The Appropriate Use criteria for Lecanemab recommends obtaining MRI scans at baseline and prior to the 5th, 7th, 14th and 26th infusions. The authors explain that 81% of ARIA-E occur early and resolve spontaneously within 4 months of radiographic detection.22 The criteria allows continuation of aducanumab* for mild ARIA-E or ARIA-H with monthly MRI monitoring and discontinuation for worsening symptoms. Once the ARIA resolves or stabilizes monthly imaging can be discontinued. The criteria states that the imaging should be read by knowledgeable MRI readers proficient in detection and interpretation of ARIA or clinicals skilled in the identification and interpretation of cerebrovascular lesions and ARIA.
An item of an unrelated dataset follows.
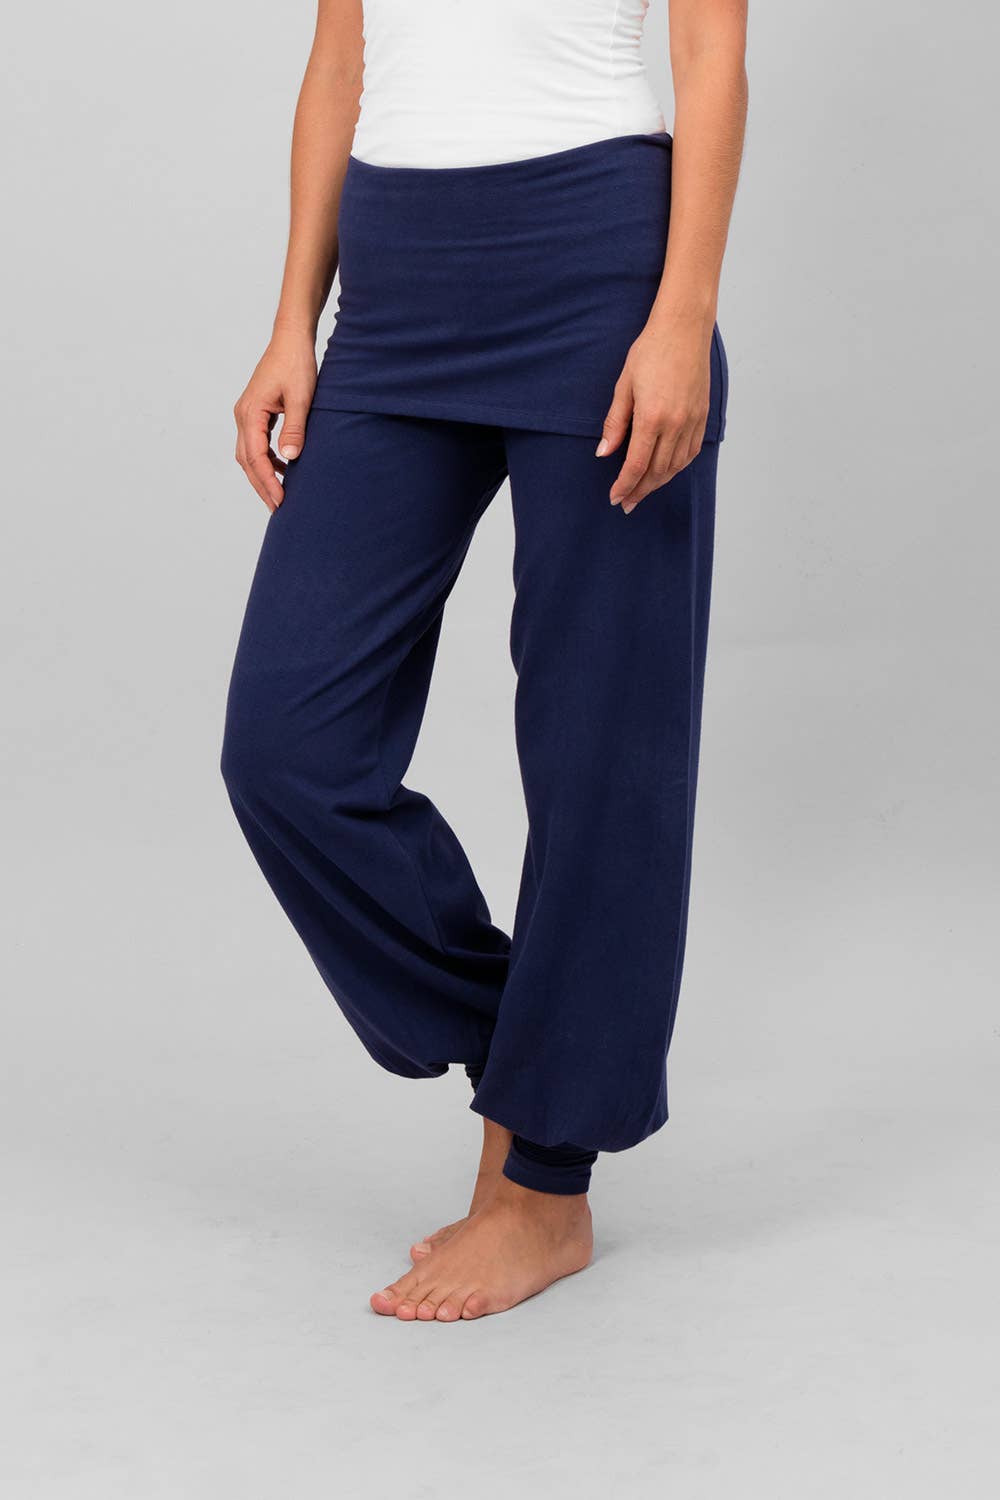 Sohang yoga pants - Atlantic blue
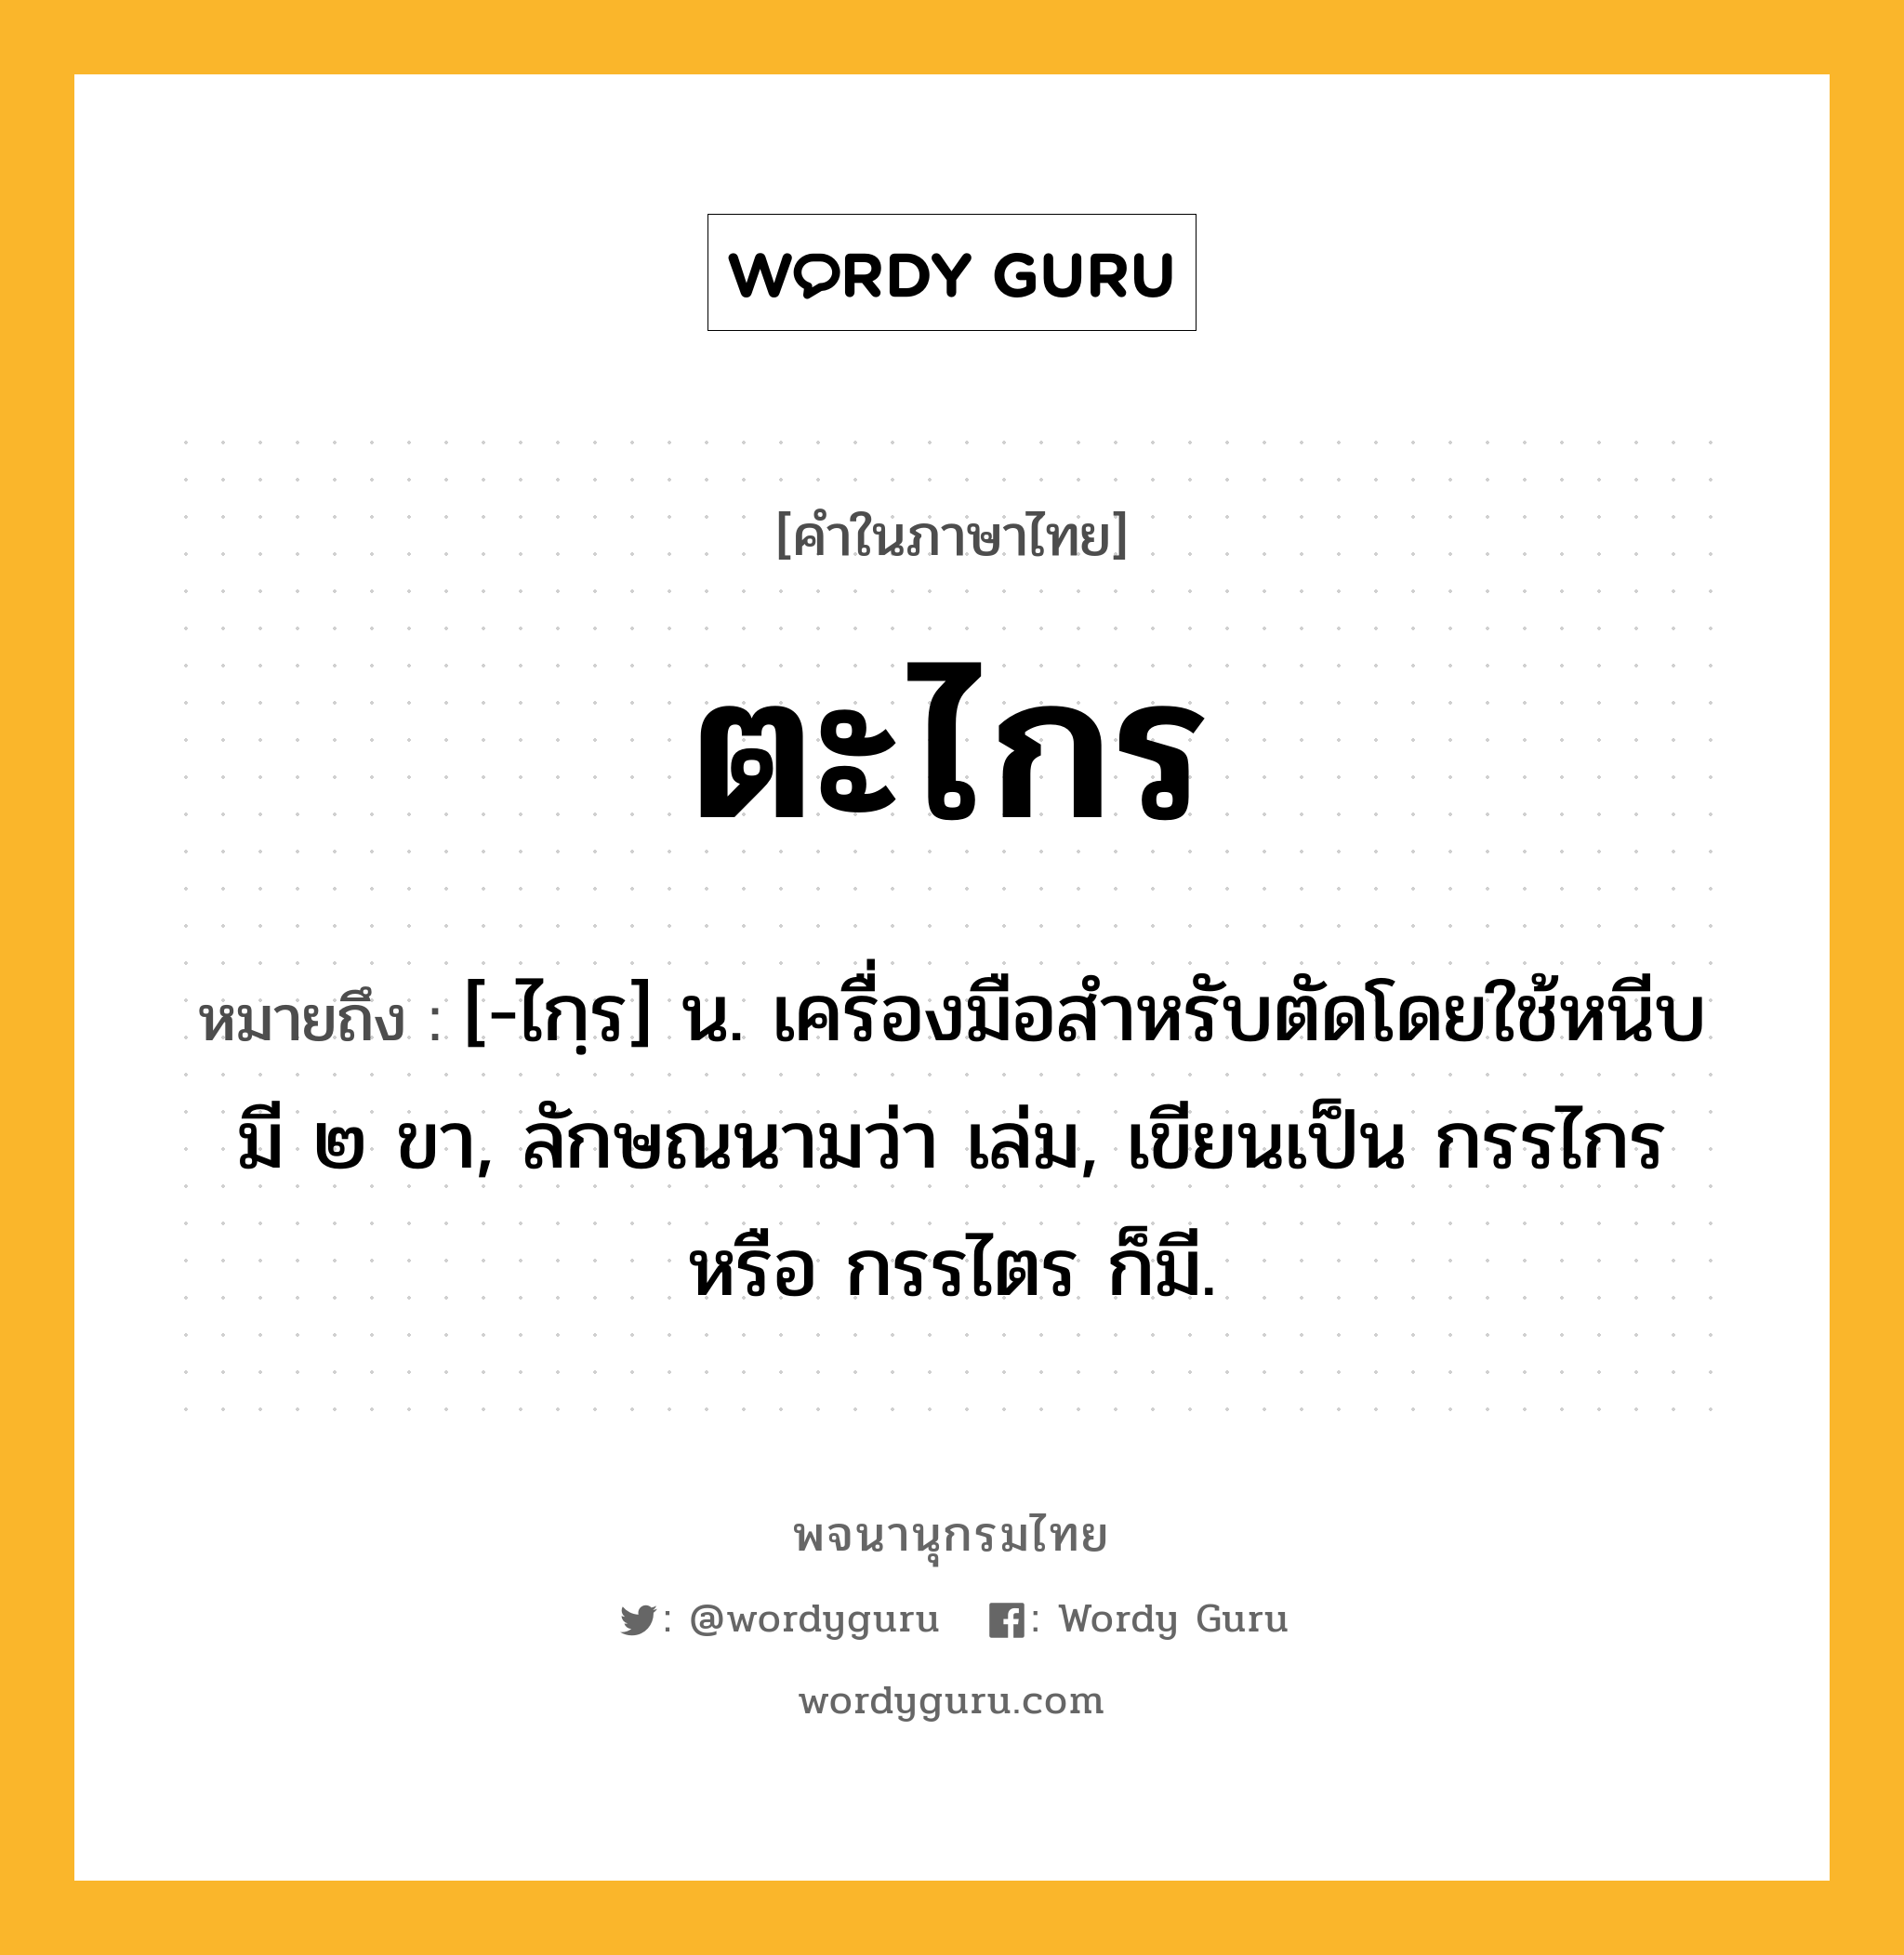 ตะไกร ความหมาย หมายถึงอะไร?, คำในภาษาไทย ตะไกร หมายถึง [-ไกฺร] น. เครื่องมือสําหรับตัดโดยใช้หนีบ มี ๒ ขา, ลักษณนามว่า เล่ม, เขียนเป็น กรรไกร หรือ กรรไตร ก็มี.

The Appropriate Use recommendations for Donanemab should be performed prior to the 2nd, 3rd, 4th and 7th infusions and 12th in those at high risk for ARIA. The protocol allows continuation of aducanumab* for mild ARIA of edema type mild ARIA-E or ARIA-H with monthly MRI monitoring and discontinuation for worsening symptoms.6
Since ARIA is a new entity, standard radiographic interpretation of ARIA is still under development. Those interpreting the imaging need education and training to ensure accuracy and consistency in reporting. The American College of Radiology, the Alzheimer’s Association, and the Radiological Society of North America are all offering training and continued medical education.19
Radiology
A retrospective report on ARIA was conducted reviewing the imaging of 262 subjects in Phase 2 studies of subjects with mild to moderate AD treated with bapineuzumab, a humanized monoclonal antibody against amyloid β. Two neuroradiologists independently reviewed 2572 MRI scans from 262 participants. The readers were masked to the patient's treatment arm. Patients were included in the risk analysis (n=210) if they did not have evidence of ARIA-E in their pretreatment MRI, had received bapineuzumab, or had at least one MRI scan after treatment. Thirty-six patients (17%) developed ARIA-E during treatment with bapineuzumab, of which 28 patients (78%) were asymptomatic, while 8 were symptomatic. Fifteen of these with ARIA-E detected (42%) on re-read of MRI were not detected previously. All of these patients were asymptomatic and had fewer brain regions involved (mean 1.3, SD=0.5) than patients identified during the clinical studies (mean 2.6, SD=2.4, p=0.0193). Thirteen of the patients whose ARIA-E findings were not detected during the clinical trial continued the bapineuzumab infusions for up to 2 years and remained asymptomatic. This study suggests that ARIA encompasses a spectrum of imaging findings with variable clinical relevance, including many subtle and asymptomatic cases that were not detected during clinical trials. The frequent co-occurrence of ARIA-E and ARIA- H supports a shared underlying pathophysiology, potentially related to transient vascular permeability and vascular amyloid. Associations with APOE ε4 status, treatment dose, and amyloid imaging further indicate a link between ARIA and amyloid burden and clearance, underscoring the need for continued investigation in ongoing amyloid modifying therapy studies. 18
Using the same study population, investigators sought to describe imaging characteristics of ARIA-E and ARIA-H identified.15 The rate of ARIA-H was reported as 12.4% (26/210). They also found that in 49% of those with ARIA-E there was also associated appearance of ARIA-H. The authors conclude this may suggest a common pathophysiologic mechanism. All scans were reviewed by local MR imaging readers and subsequently independently reviewed by the same 2 neuroradiologist as part of the study protocol. They reported the inter-reader kappa value of 0.76 indicated high inter-reader reliability with 94% agreement between neuroradiologist regarding the presence or absence of ARIA-E.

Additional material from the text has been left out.